# Moving up from Shark



## Puddy (Apr 14, 2008)

I am currently a Hinterheoller Shark 24 owner and looking for the perfect weekender with loosing to much performance. I have looked at C&C 27 and 29 but I am 6'2" and hoping for more comfort. Catalina 30 seems too big..wondering about the Sabre 28. I like the classic lines.

I am looking at a C&c 30, but it looks a bit big.

Any ideas?

Thanks


----------



## Plumper (Nov 21, 2007)

Where is your shark?


----------



## djodenda (Mar 4, 2006)

Us former Shark owners have our ears up.......


----------



## Faster (Sep 13, 2005)

Keep it in the family!..... look at the Niagara 26. It's Shark-based heritage is obvious, it is smallish, but you seem to be a bit intimidated by the step up.

At 6'2, your back's been getting a workout on the Shark, so anything is going to be a big improvement.

All the boats you mention above will be significantly faster than your Shark.
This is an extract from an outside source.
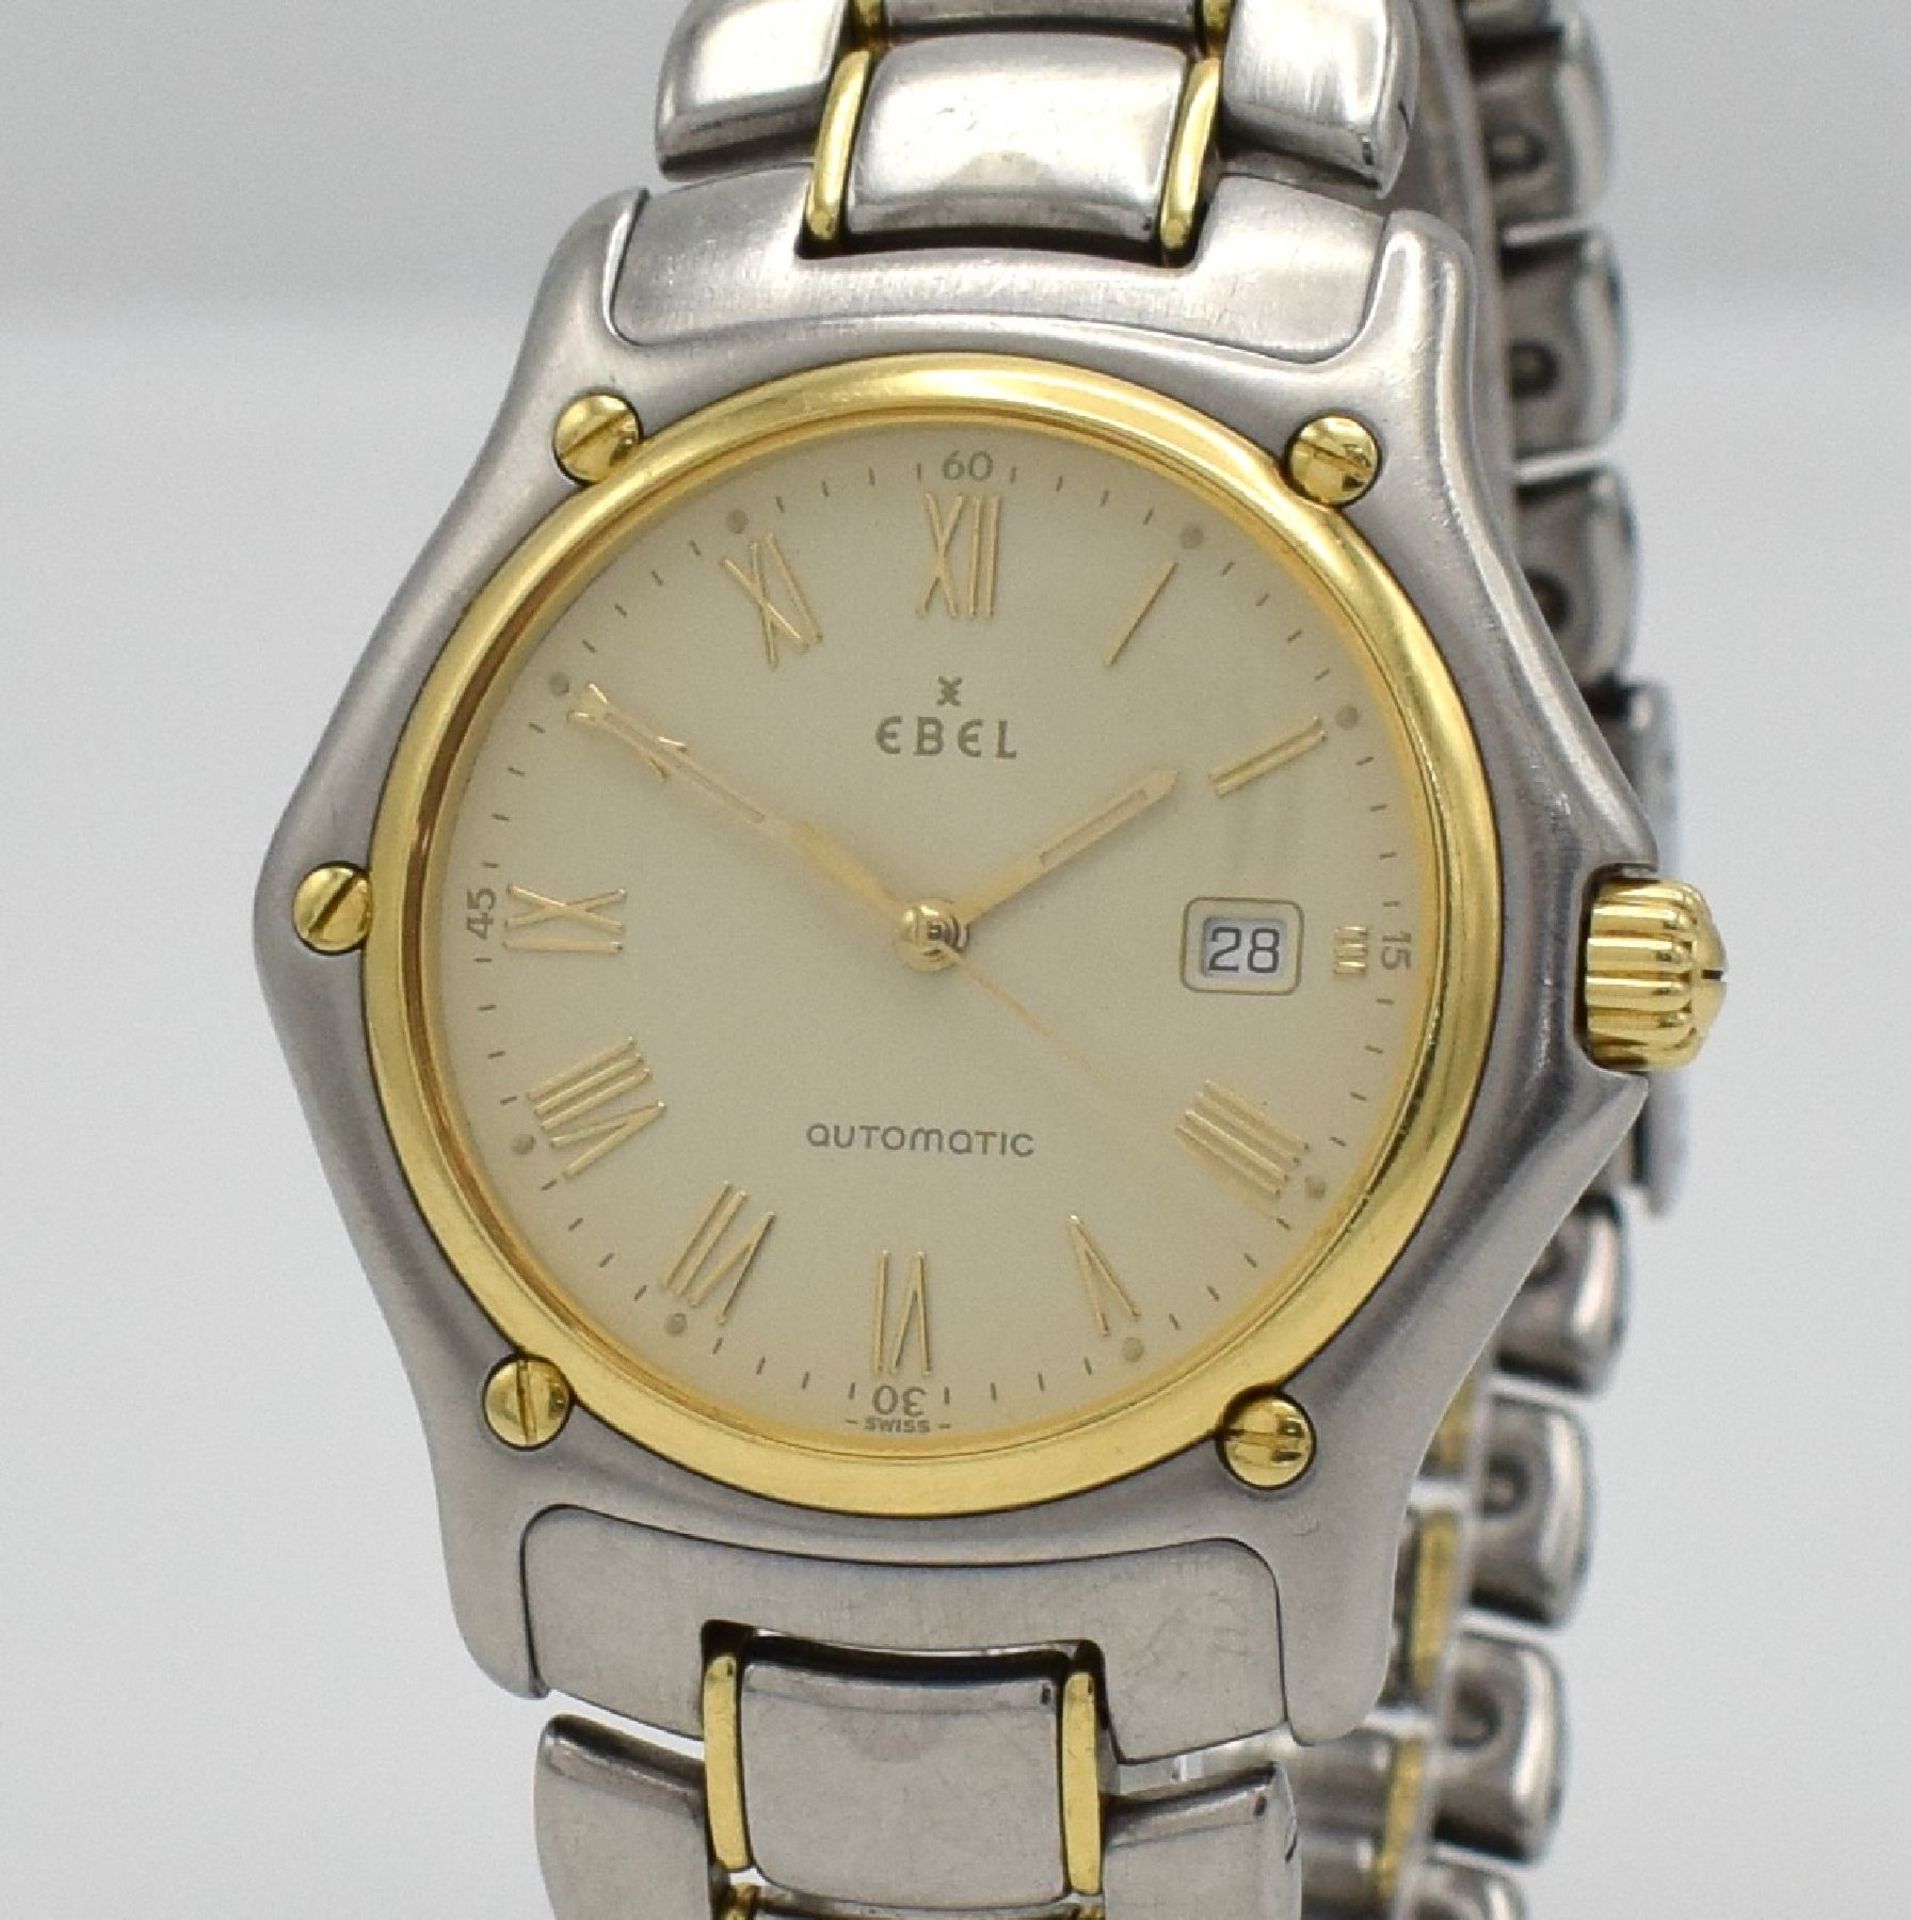 EBEL 1911 wristwatch in stainless steel/gold, Switzerland sold according to warranty card inMay - Bild 4 aus 10

None will have full headroom for yourself.


----------



## djodenda (Mar 4, 2006)

I think we're all here now... I had #106


----------



## Plumper (Nov 21, 2007)

I race on a shark named Attitude and we scored two seconds yesterday in our club beer can races. There were about 10 different boats in the race (PHRF 190 and above). It was another shark that beat us. The wind was about 18 knots and the sharks ruled!
Slow? Maybe in light airs.


----------



## SimonV (Jul 6, 2006)

I am glad to see the regulars are rolling out the welcome mat. So I say as well "Welcome aboard".


----------



## PaulOWindsor (Mar 23, 2008)

Puddy :

Just three words...

*Abbott thirty six*

1986 Abbott Boat For Sale

Nuff said.

P.


----------